Brazilian carrier TAM Airlines joined Star Alliance on 13 May 2010, increasing its foothold in South America. Aegean Airlines, Greece's largest airline by number of passengers, joined on 30 June.

Shanghai Airlines left the alliance on 31 October 2010 when it merged with China Eastern Airlines, a SkyTeam member. On 29 September, the chief executive board approved Ethiopian Airlines as Star Alliance's 30th member, though Ethiopian did not officially join the alliance until December of the following year. In 2010, the alliance flew to 1,172 airports in 181 countries, with about 21,200 daily departures.

Since 2011, the alliance has gained several large members, but it has lost others due to collapse or mergers. On 13 December 2011, Ethiopian Airlines joined, adding five countries and 24 destinations to the alliance's map.

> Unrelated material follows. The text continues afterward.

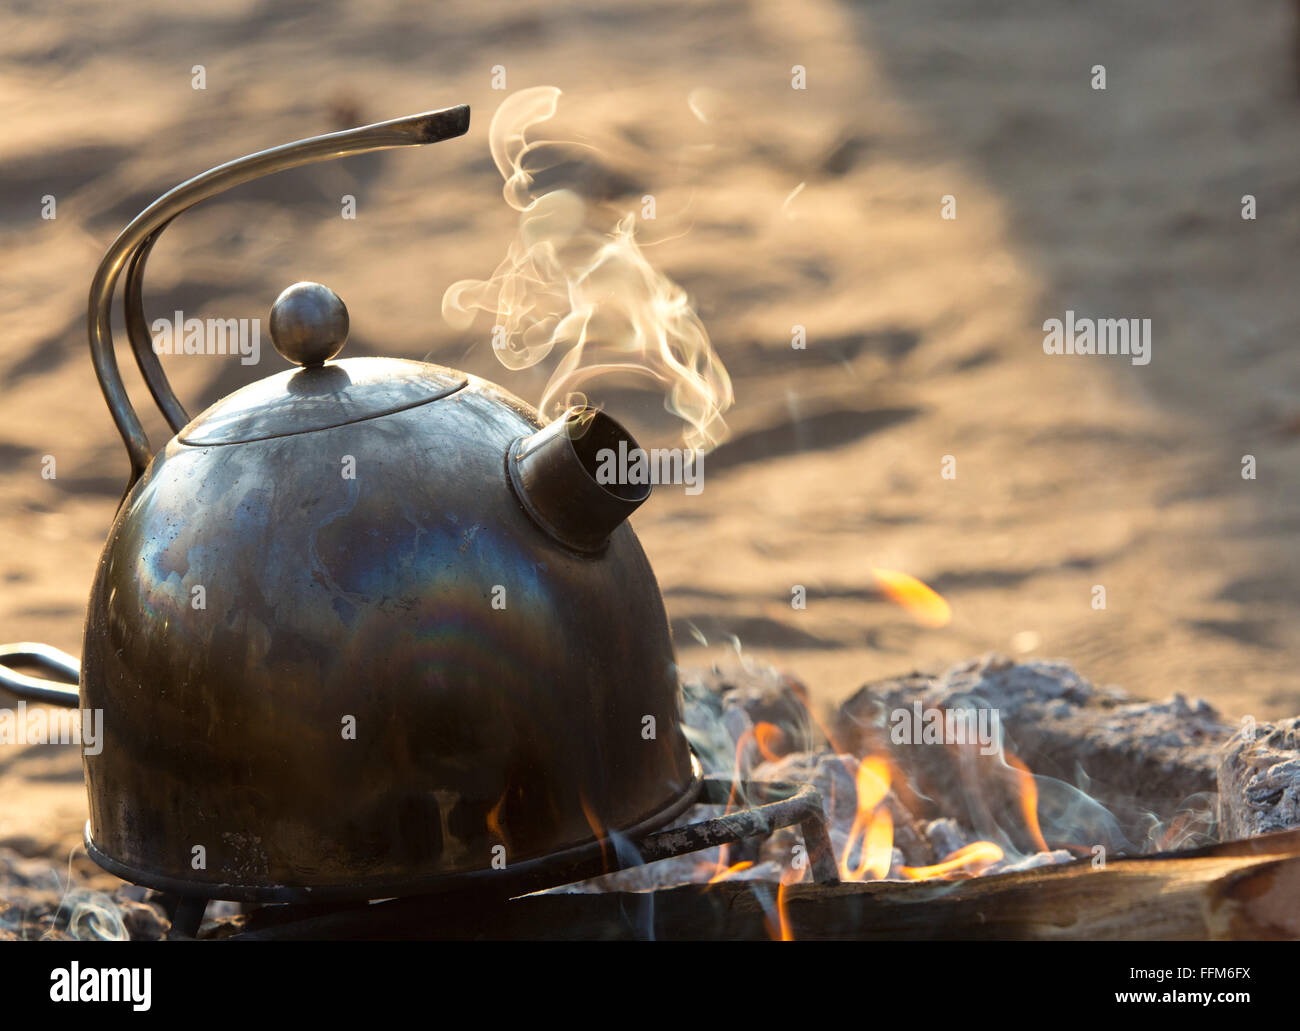 https://c8.alamy.com/comp/FFM6FX/kettle-boiling-on-a-campfire-FFM6FX.jpg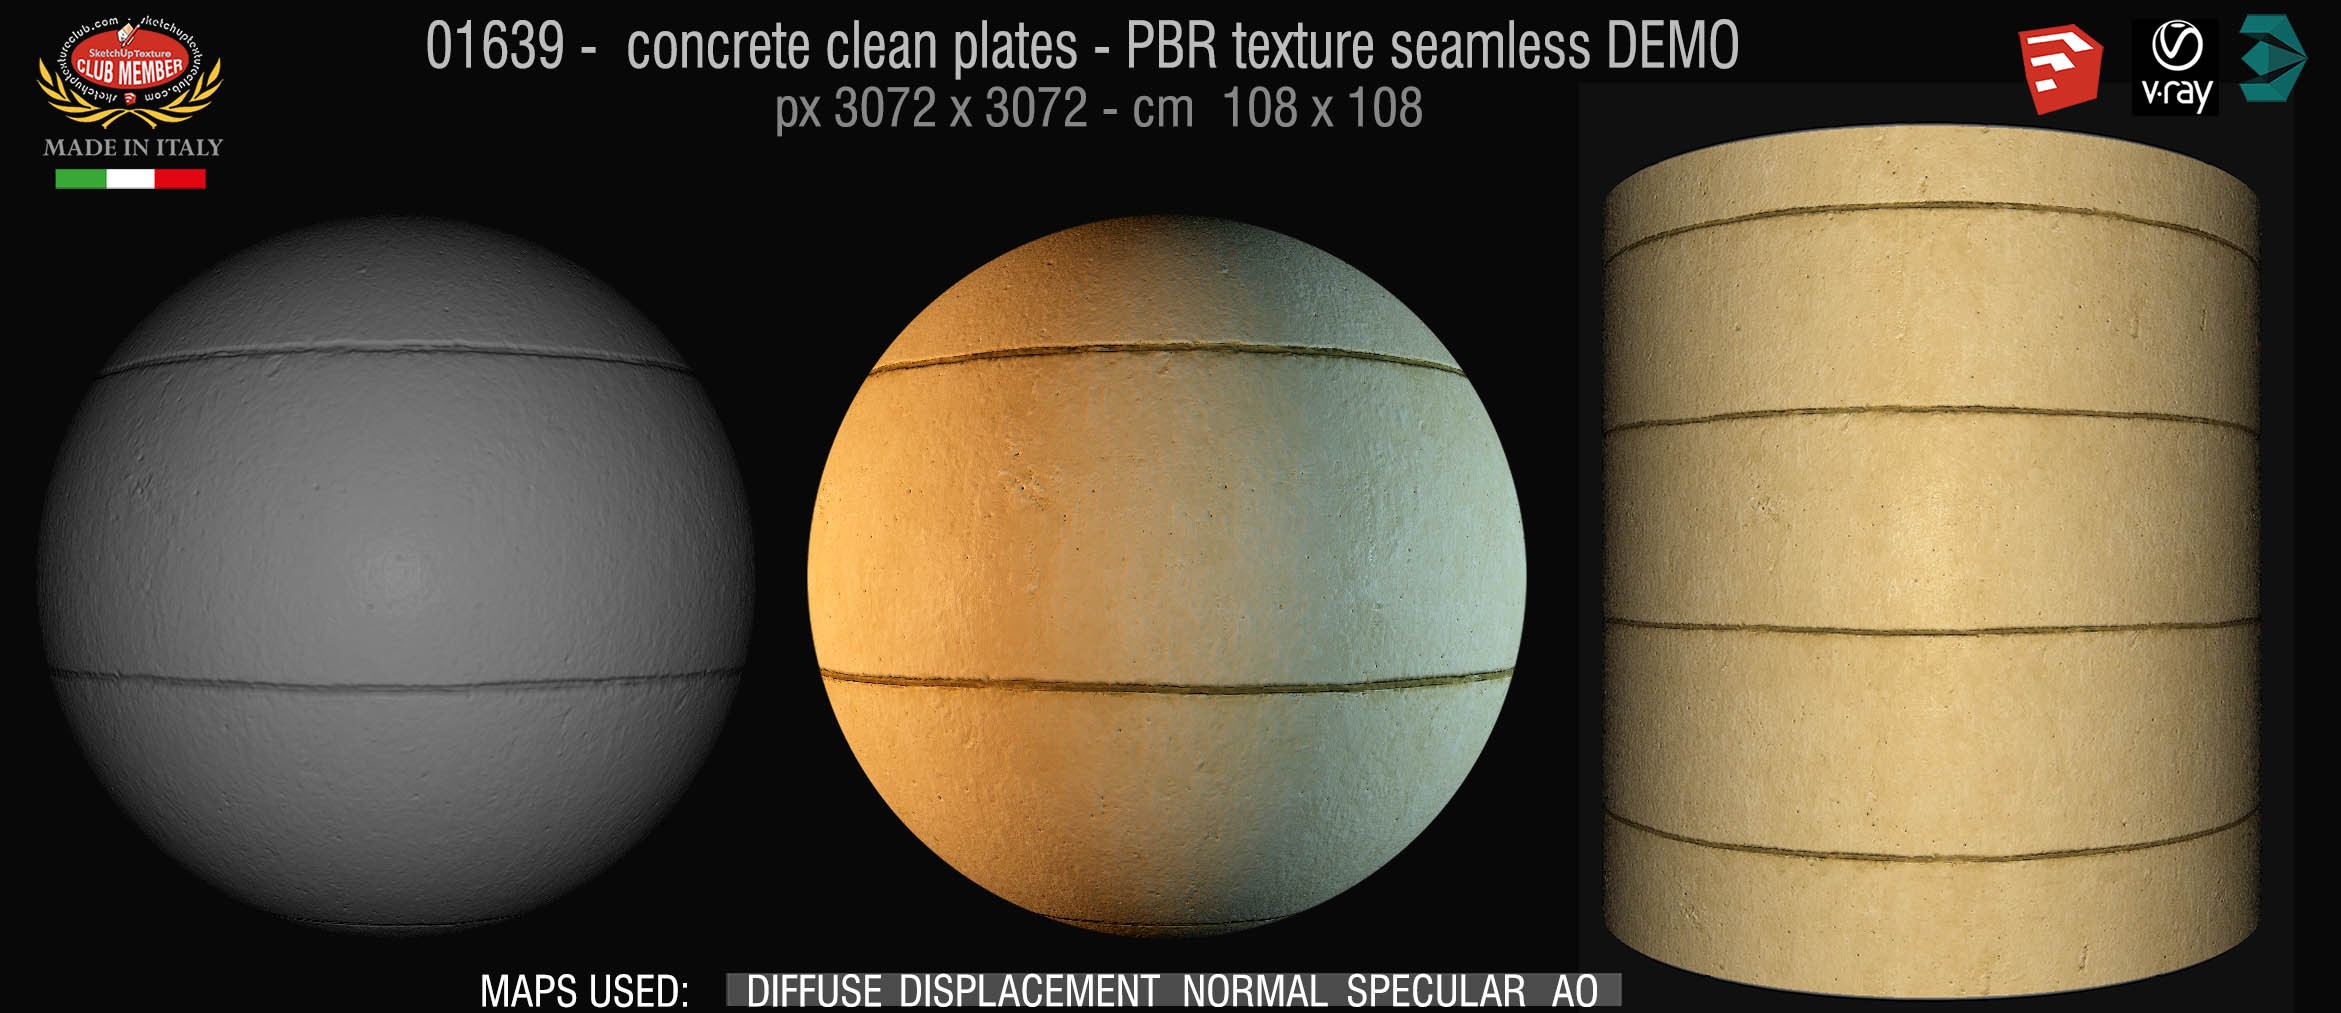 01639 concrete clean plates wall PBR texture seamless DEMO

In 2012, Spanair ceased operations, and BMI left after being acquired by International Airlines Group (IAG), the parent company of Oneworld members Iberia and British Airways. BMI was integrated into British Airways. In North America, Continental Airlines was fully integrated into United Airlines. On 21 June, Avianca, TACA Airlines (integrated into Avianca in 2013) and Copa Airlines joined, massively increasing the alliance's Latin American presence. In November, Blue1 left after becoming an affiliate of parent Scandinavian Airlines, while Shenzhen Airlines joined, augmenting Air China's Chinese network. Taiwanese carrier EVA Air then joined on 18 June 2013, becoming the alliance's 28th member. On 13 December, Air India was again invited to begin an integration process with the alliance.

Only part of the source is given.